Indifferent to the discreet commotion she was causing, Agnes swung down from her horse and into the noxious mud that covered the streets of Paris. She would have liked to spare her boots this indignity, but that meant ringing the bell and waiting for someone to come open up one of the great studded doors of the carriage gate. She preferred to push open the smaller, inset pedestrian door that was only locked at night and, leading her horse by the bridle, entered the paved courtyard where the iron-clad hooves clattered and echoed like musket shots.
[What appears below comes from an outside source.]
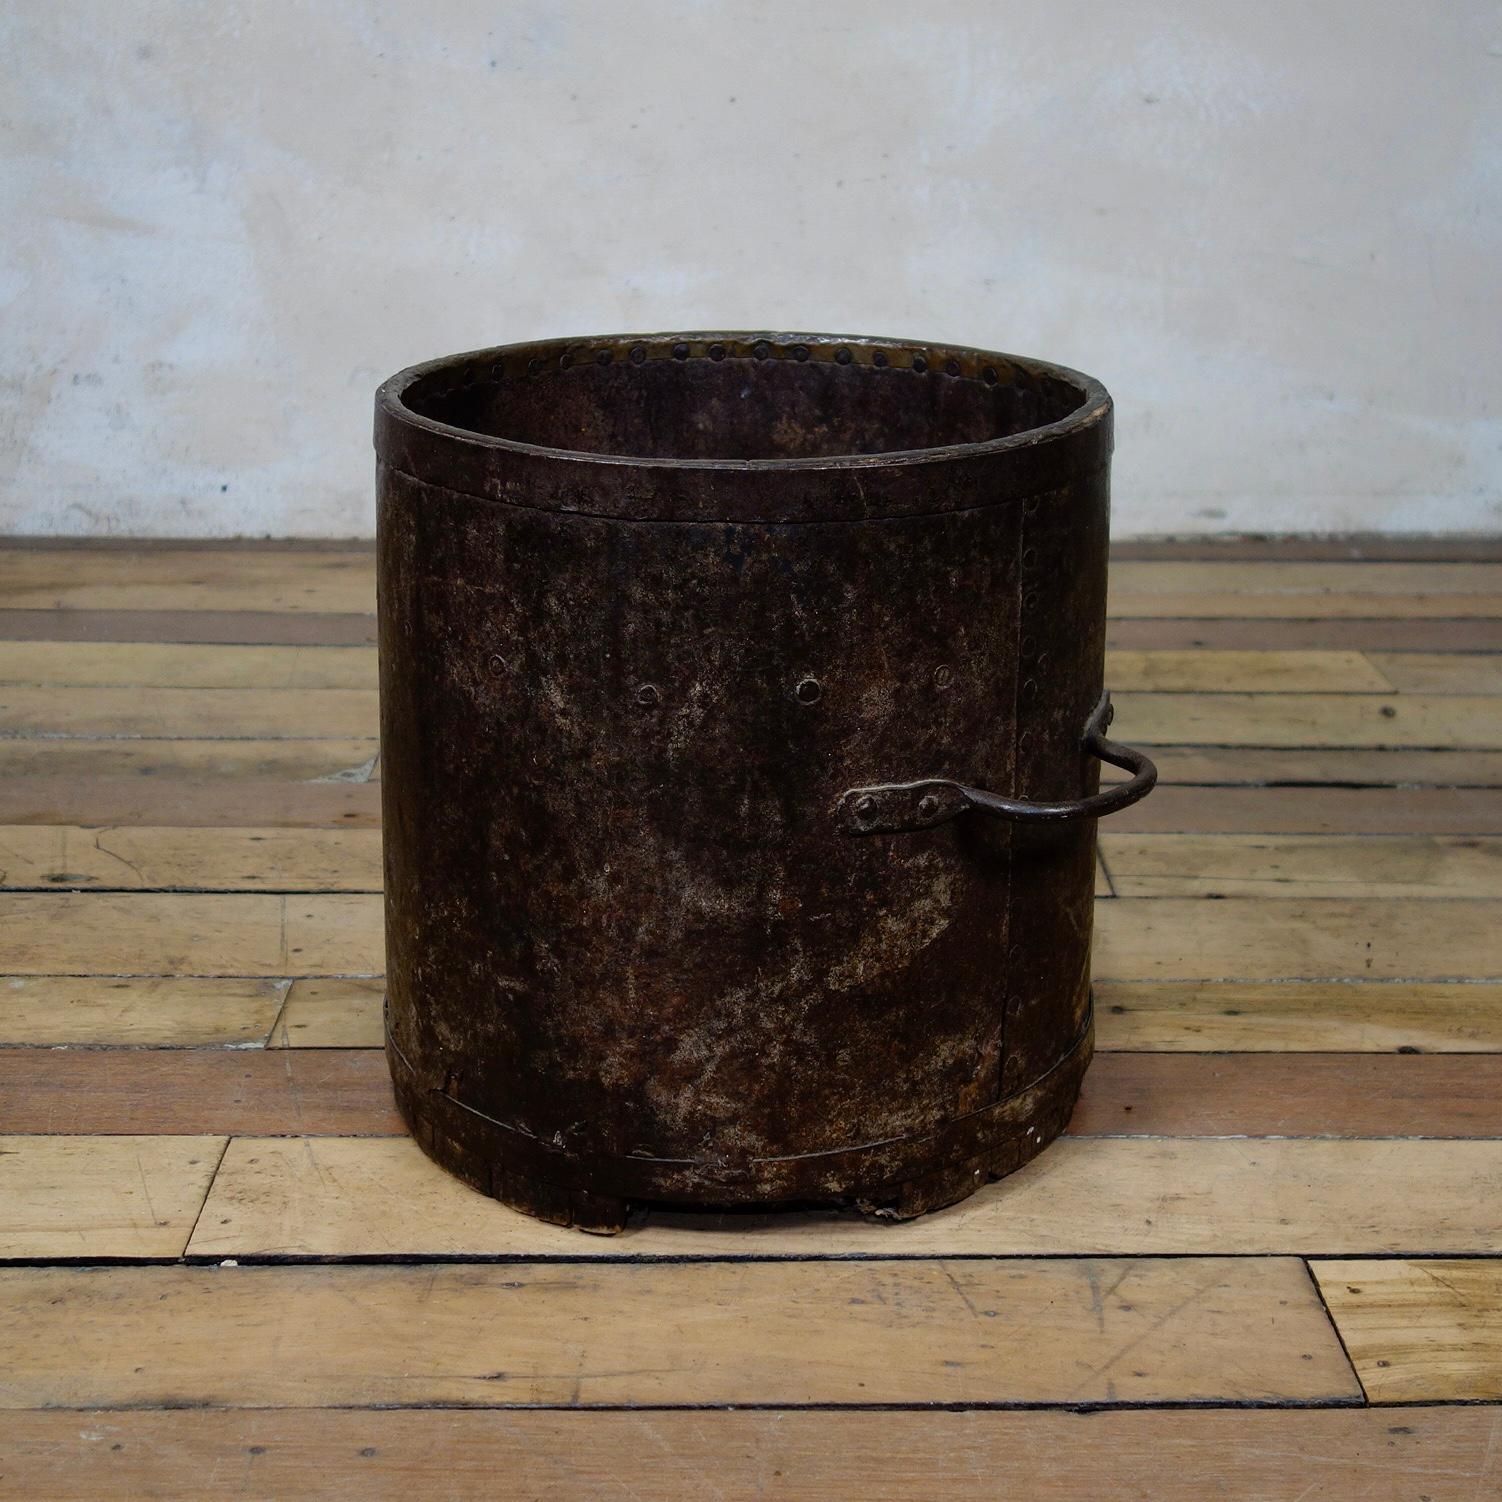 A Primitive 19th century bushel barrel, measuring vessel, originally used for measuring consistent quantities of agricultural products such as wheat. Displaying iron handles and bindings, a striking accent piece for a casual

Coming from the stable, Andre hurried to greet the baronne de Vaudreuil, respectfully taking the reins from her hands.
‘You should have rung the bell, madame,’ said the stableman. ‘I would have opened for you.’
There was a touch of both reproach and regret in his voice.
A very dark-haired man who was going prematurely bald on the top of his head, although sporting a tremendous moustache on his upper lip, he had the frustrated look of someone who was prevented from doing the right thing but had decided to bear with this in silence.